# Divergence in polar; not asking for derivation

1. May 1, 2013

### ericm1234

I understand how to derive the divergence in polar.
Ok, so I have the formula. But what I am confused about is this:
say u=(0,0,w(r)), so as you can see the third component of this vector u is in fact a function of r.
If I plug this into the polar divergence formula, I get zero, fine.
But, if I attempt to 're-derive' the divergence in polar, using this vector and not a 'general' vector, I don't get zero;
del=e_r*d/dr+1/r*e_theta*d/dtheta+e_z*d/dz
and u here = e_r*0+e_theta*0+e_z*w(r).
Normally when we do the dot product we ignore the bases but in polar obviously we have to technically expand everything out as a 'foiled' multiplication like this.
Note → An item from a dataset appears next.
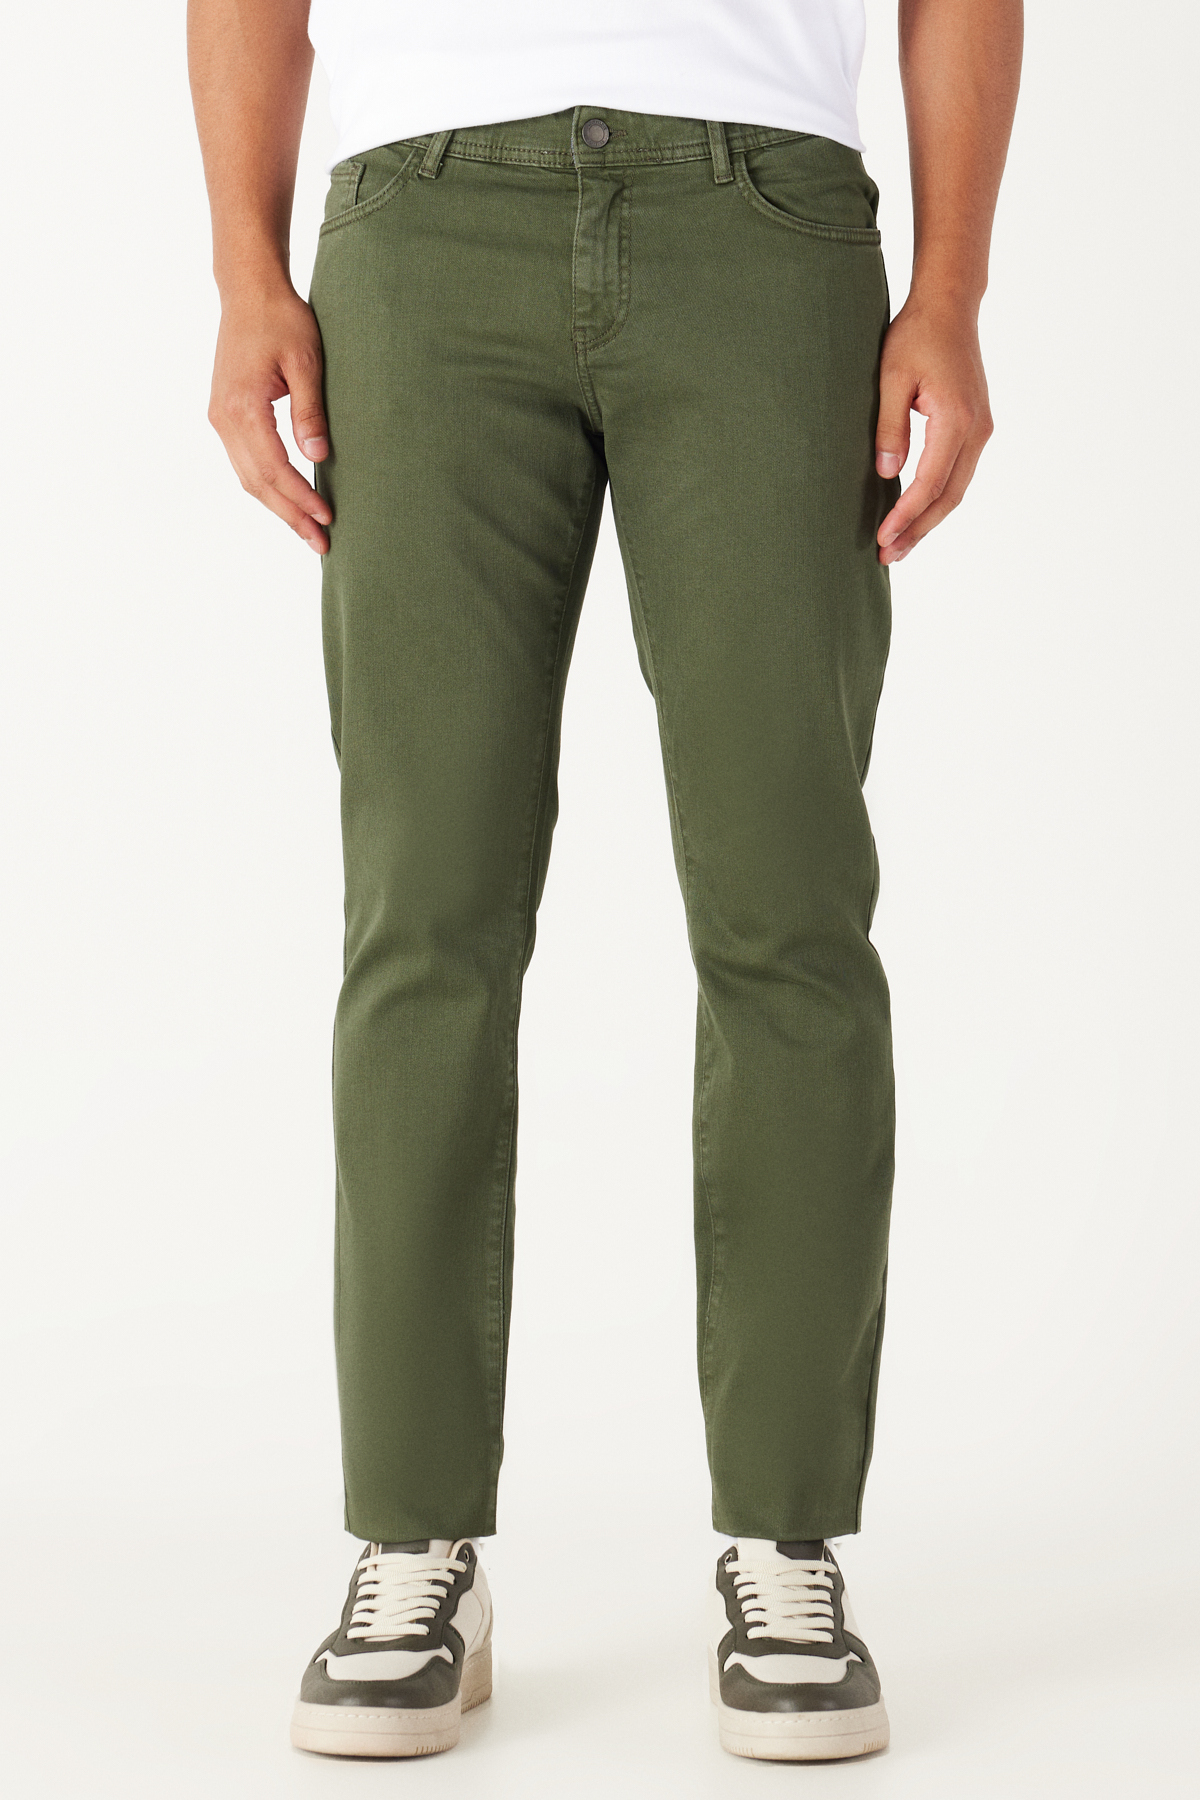 ALTINYILDIZ CLASSICS Men's Khaki 360 Degree Flexibility in All Directions. Comfortable Slim Fit Slim Fit Trousers.

The result here is that the derivative of the last component, with respect to r, is not 0. So, WHY in the derivation for polar divergence in the first place, do we 'assume' that u_r and u_theta and u_z are functions only of their respective subscripts??

2. May 1, 2013

### ericm1234

well I'd delete my post but I don't see how; for anyone interested, what I failed to see was that in having the 3rd component, the first 2 basis vectors are now (cos, sin, 0), (-sin,cos,0) respectively, leading ultimately to the third term never showing up except as dw/dz.
Solved.